Given entries >>
-*-

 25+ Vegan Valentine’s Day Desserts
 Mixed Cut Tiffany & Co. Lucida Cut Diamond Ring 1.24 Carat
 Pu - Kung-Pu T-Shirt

-*-

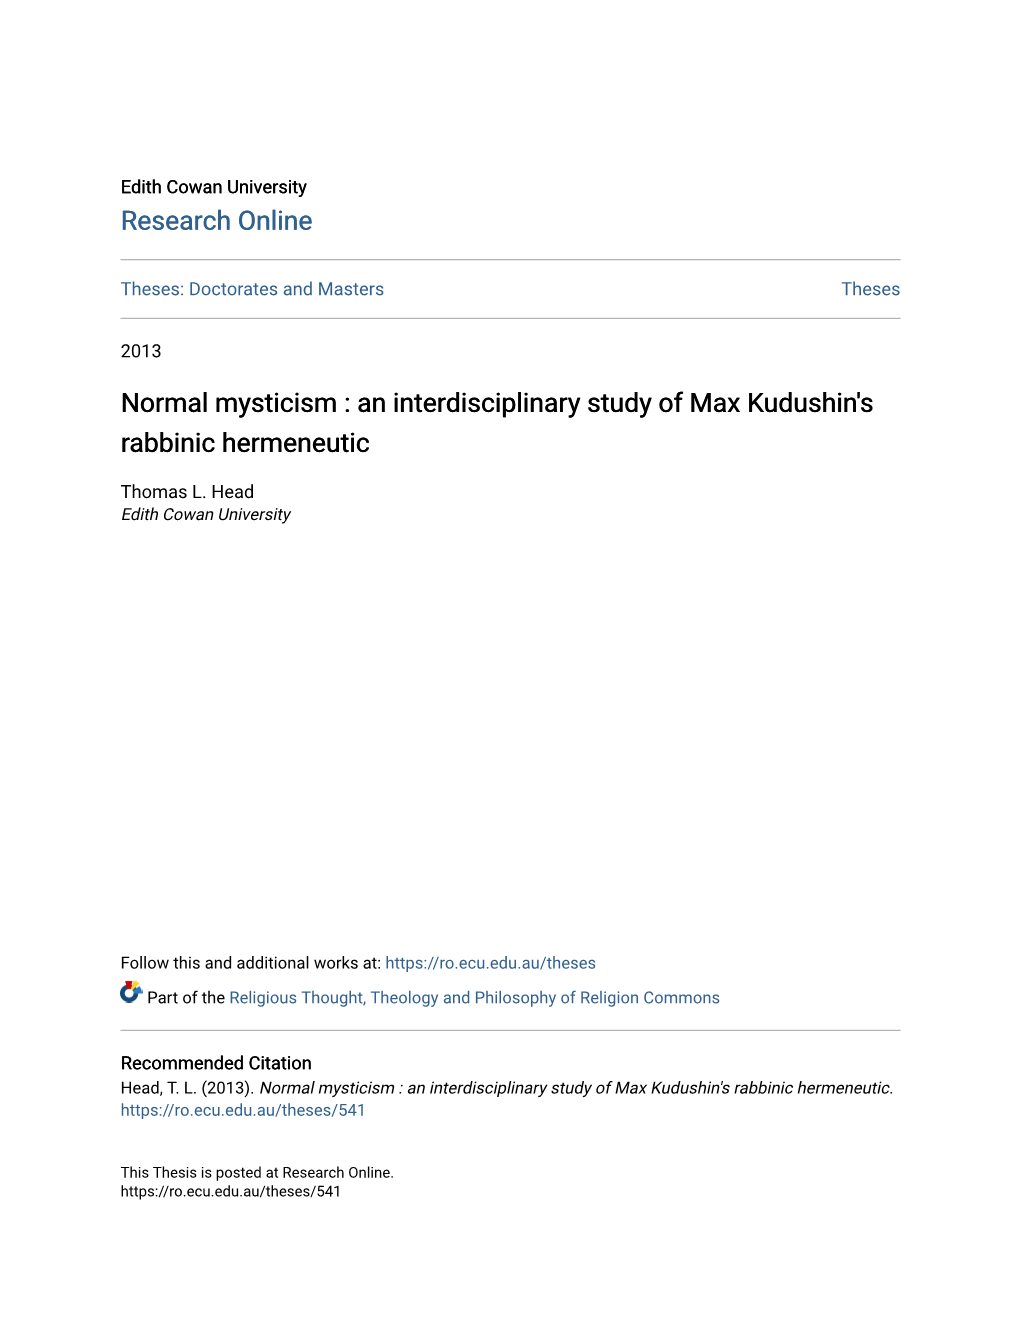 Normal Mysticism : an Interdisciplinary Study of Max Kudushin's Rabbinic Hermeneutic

-*-

What needs to be done >> Reproduce the lines above, beginning at the line with "25+ Vegan Valentine’s Day Desserts" and stopping after the line with "Pu - Kung-Pu T-Shirt", exactly as they are.

Response below >>
 25+ Vegan Valentine’s Day Desserts
 Mixed Cut Tiffany & Co. Lucida Cut Diamond Ring 1.24 Carat
 Pu - Kung-Pu T-Shirt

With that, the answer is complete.